Looking for divorced fathers [serious]

I am looking to get in touch with fathers who have been divorced while keeping their visiting rights.

I really want someone to talk to who is in a similar situation, someone who I can ask for advice privately.

Is there a group like that somewhere? Btw I don’t use facebook.

Thank you

13 comments
  1. If you were wondering how a divorced father can see his kids.

    Best case is if you can remain amicable with your ex wife and work out visitation mutually.

    If that fails, then you would have to file for visitation mediation. Visitation mediation, they would have mediators talk to you and your wife to try to negotiate a visitation plan.

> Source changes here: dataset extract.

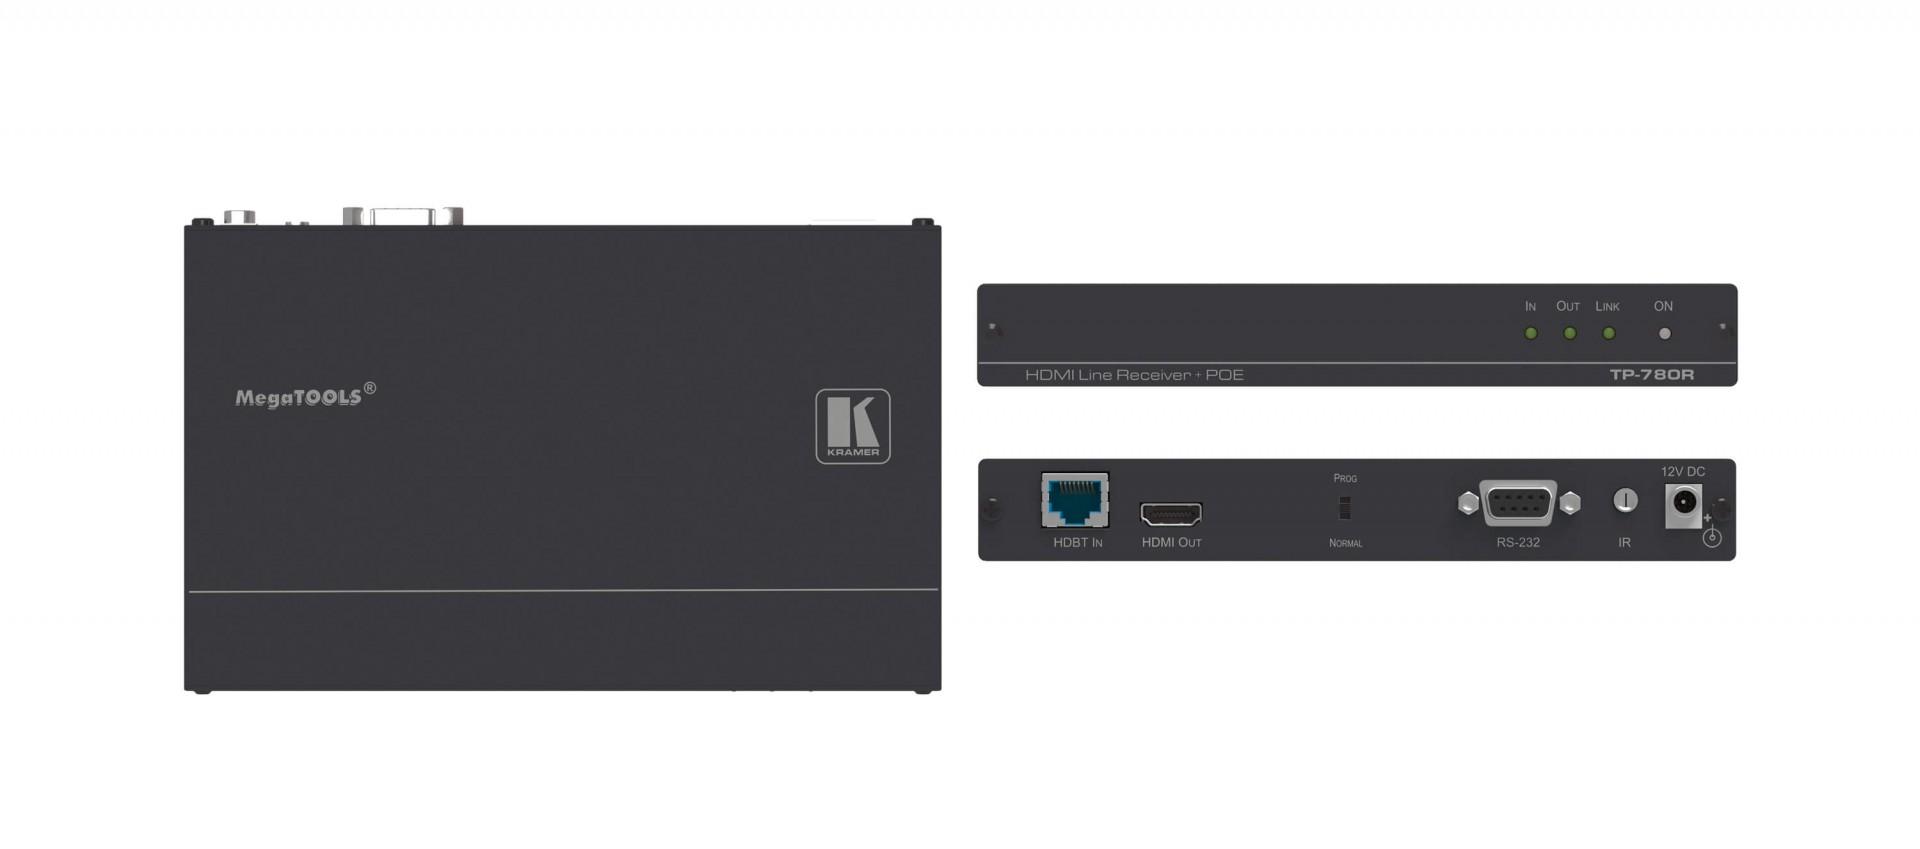 Kramer TP-780R - 4K60 4:2:0 HDMI HDCP 2.2 PoE Receiver

    If that completely fails, i.e. Ex wife absolutely refuses to cooperate, then the visitation case will go into adjudication, where the judge will decide on a visitation plan.

    What kind of a visitation plan that a judge will order varies case by case but generally a bare minimum of 1 full day per month will be granted. If the non custodial parent has a good track record, maybe an additional half day will also be granted.

    Also note that any visitation agreement is a civil matter. Meaning if ex wife breaks the visitation agreement, worst case she pays a fine and has money forcibly removed from her bank.

  2. > while keeping their visiting rights.

    There is no such thing as visiting **rights** under current Japanese law. It’s more like visiting *permission* from the custodial parent. If you have a good relationship with your ex, you will probably be able to see your kids. If not, probably not.

  3. I know you said you don’t use FB, but there’s a group there that’s pretty helpful.

  4. Are you already divorced? If not then go to the local ward office and get one of those ‘I don’t consent to divorce’ forms (‘fujuri todoke’?).

    You can then start with this when you discuss post-divorce access (‘I’ll give you a divorce if we can agree access).

    Other than that, as others have said, keeping a good relationship as much as you can is the best way. Agree to a generous monthly support plan. Don’t move far away. Point out the value of the kids having an advantage in English at school / exams times, and extra money from grandparents etc., as well as the embarrassment / bullying risk of having half kids that don’t speak English. Also risk kids will deeply resent mother for denying a relationship with father over time.

    Obviously these things are unpleasantly practical, and hopefully you won’t need to go down that path. I’ve been divorced for 12 years now but have managed to keep a pretty good / cooperative relationship with my ex, and good access to my daughter. It is possible but it takes patience / understanding / recognition of shortcomings on both sides.

  5. There is a group for divorced or still -married foreign mothers who of course face the exact same issues. But I’m not sure they let fathers in the group. You could atwrt your own?